=== Exercise brief ===
Leaving out pictures, output exactly the lines below from the one that has "半導体レイア海藻m.tivance アイテープ 二重瞼形成" through the one that has "LED-Lampe G4 1,8W, warmweiß im 2er Pack", and nothing else.

=== Data excerpts ===
+ + + + + + +
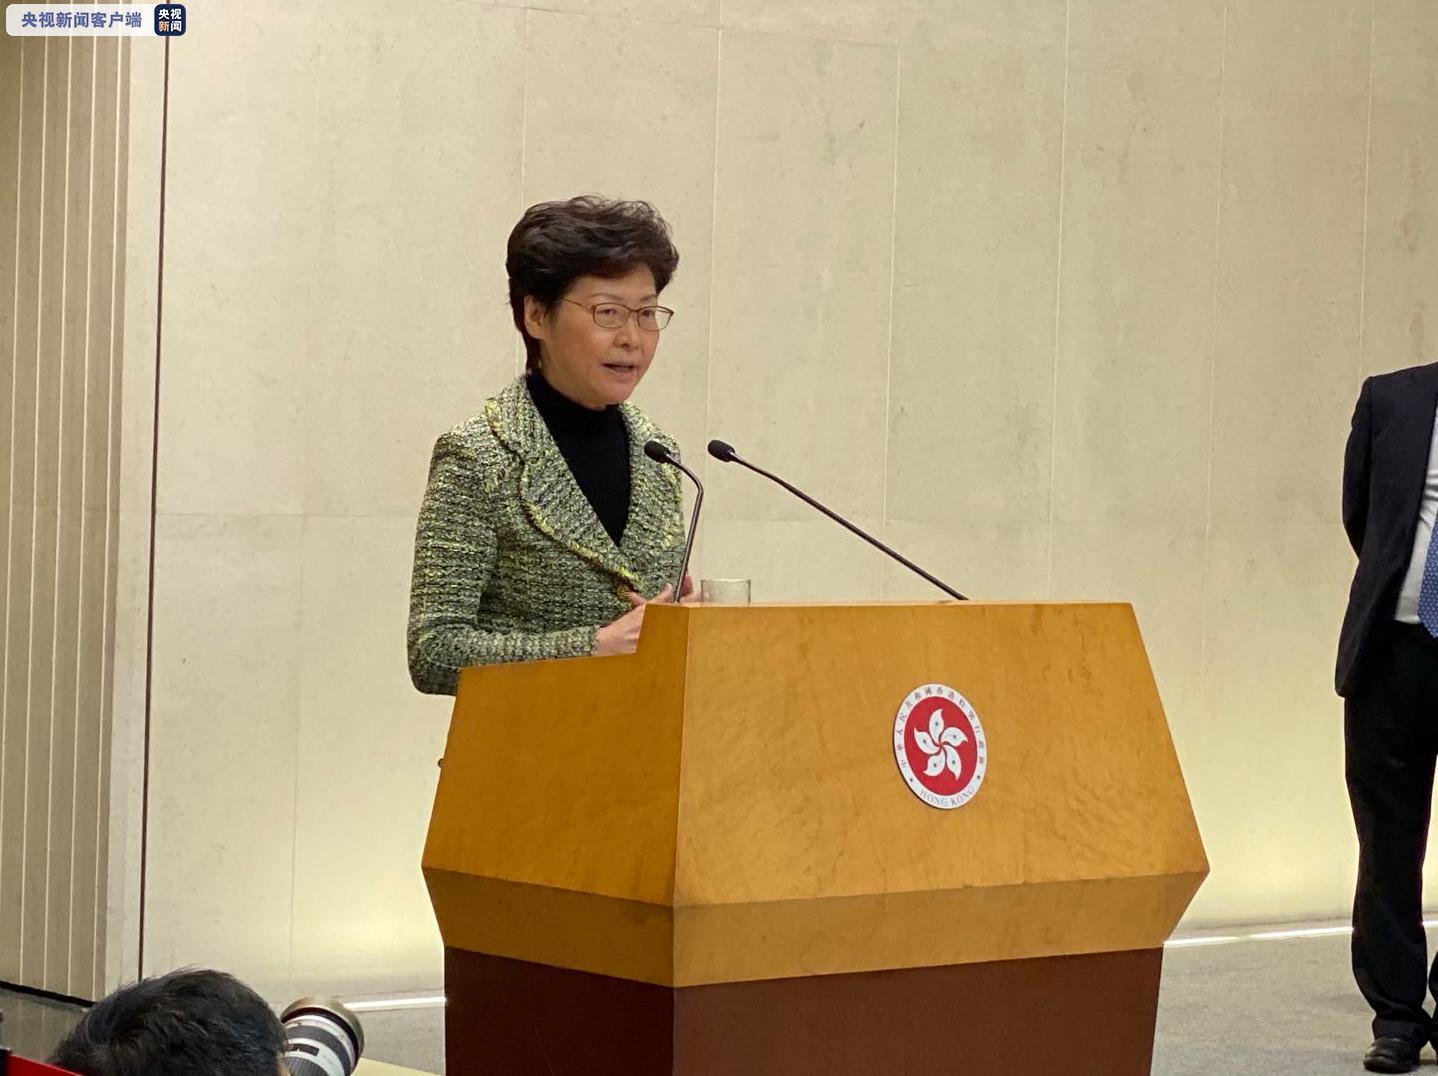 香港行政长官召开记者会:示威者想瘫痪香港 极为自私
+ + + + + + +
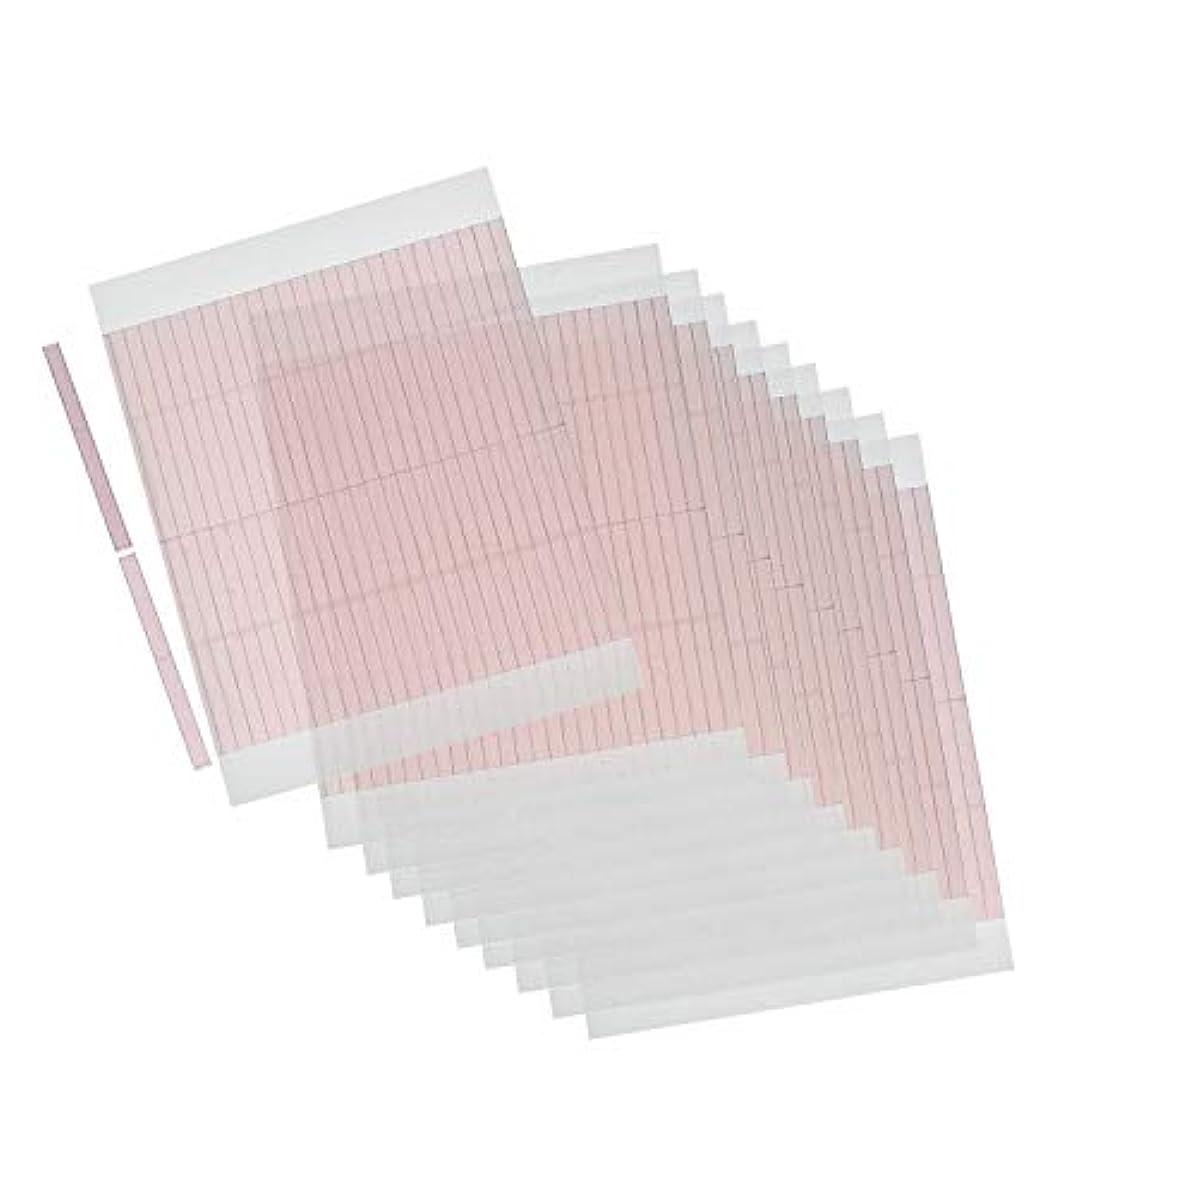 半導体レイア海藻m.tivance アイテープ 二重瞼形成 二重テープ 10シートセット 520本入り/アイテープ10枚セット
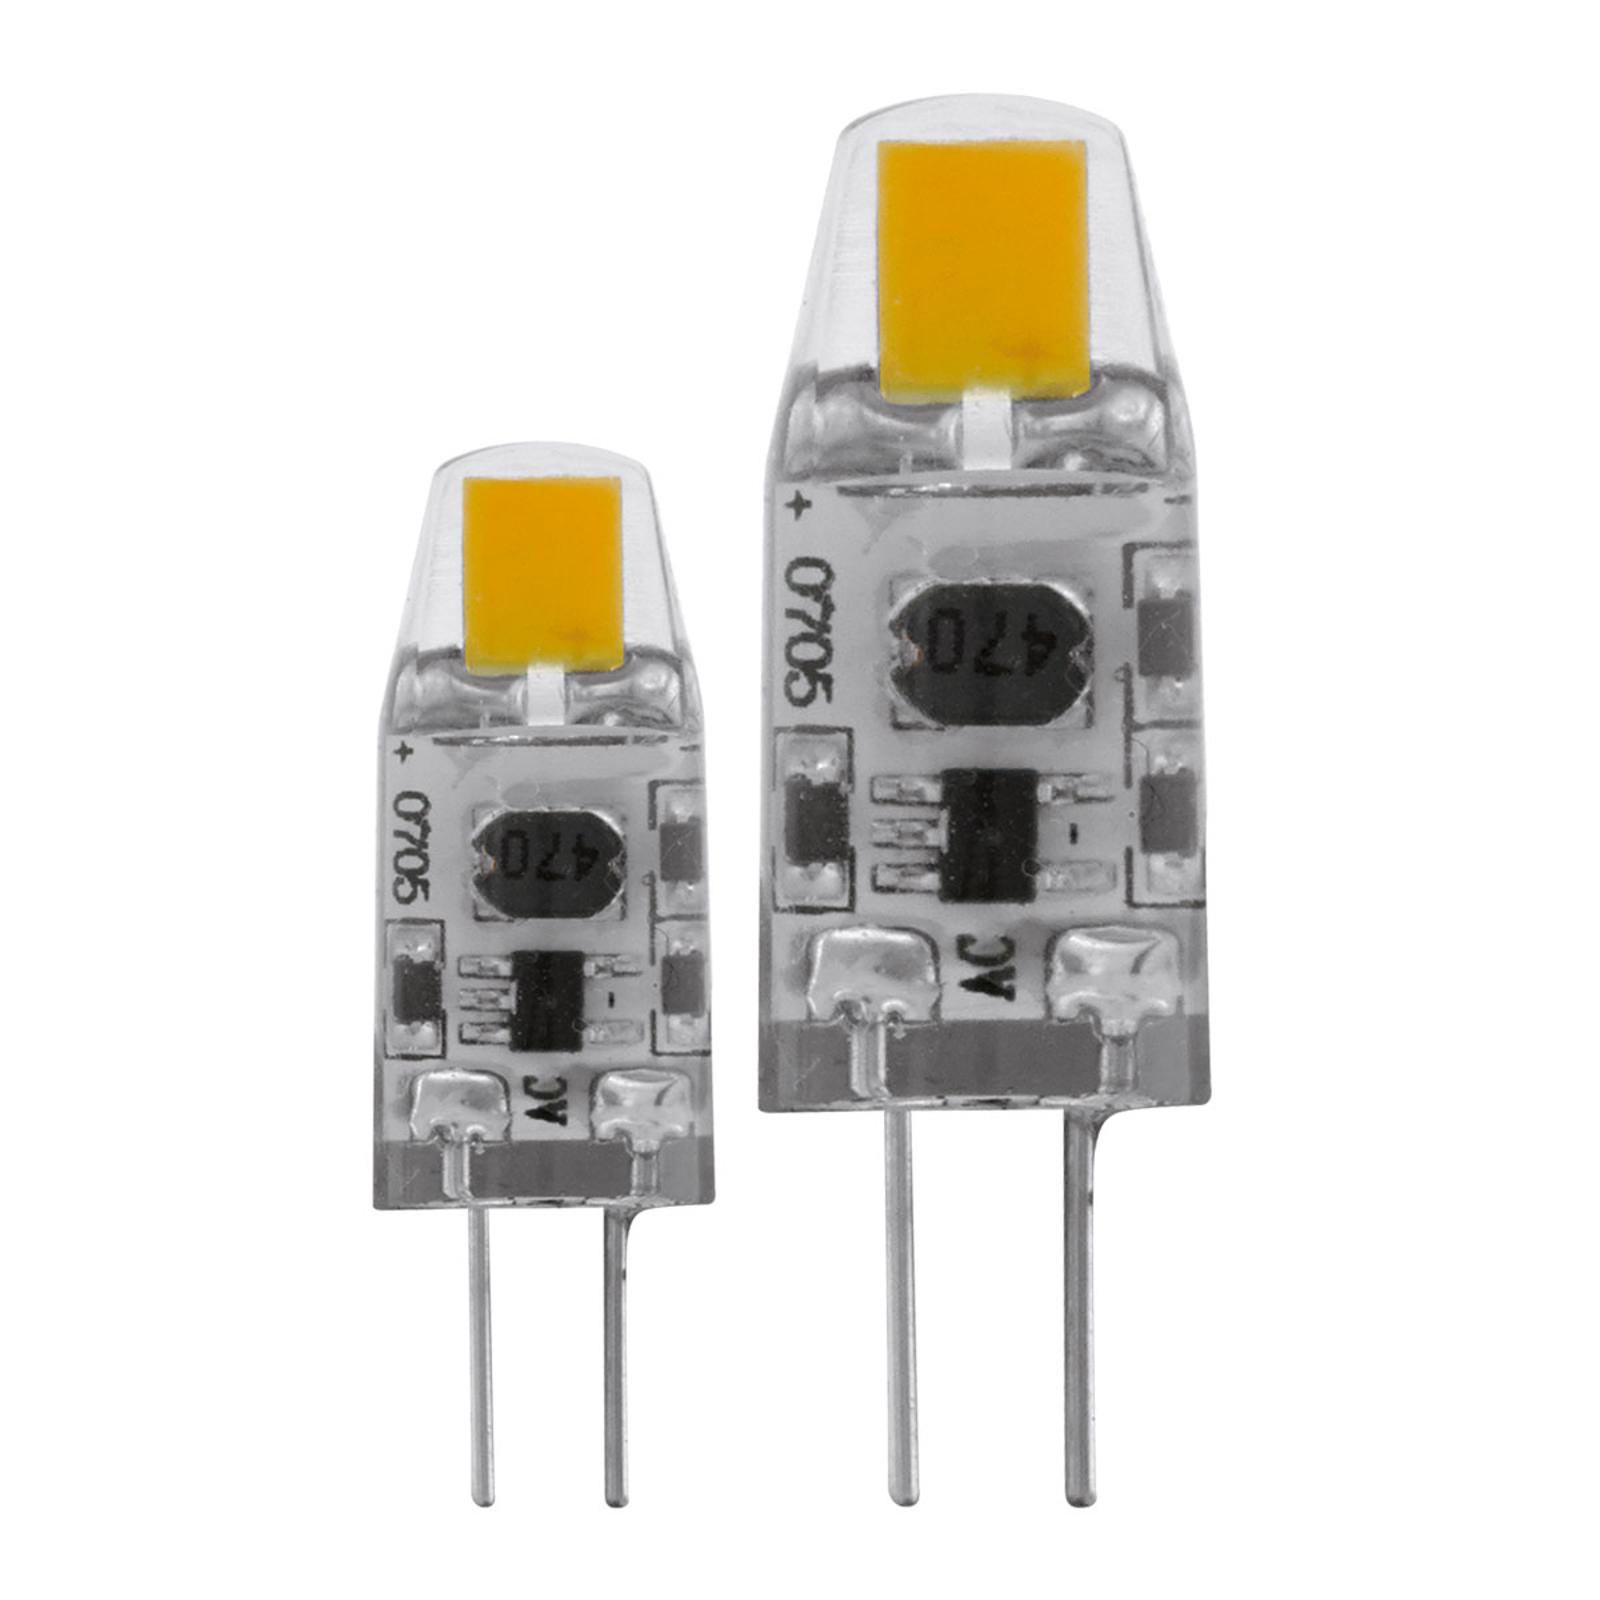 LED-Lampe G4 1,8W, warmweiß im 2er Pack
+ + + + + + +
=== Solution ===
 半導体レイア海藻m.tivance アイテープ 二重瞼形成 二重テープ 10シートセット 520本入り/アイテープ10枚セット
 LED-Lampe G4 1,8W, warmweiß im 2er Pack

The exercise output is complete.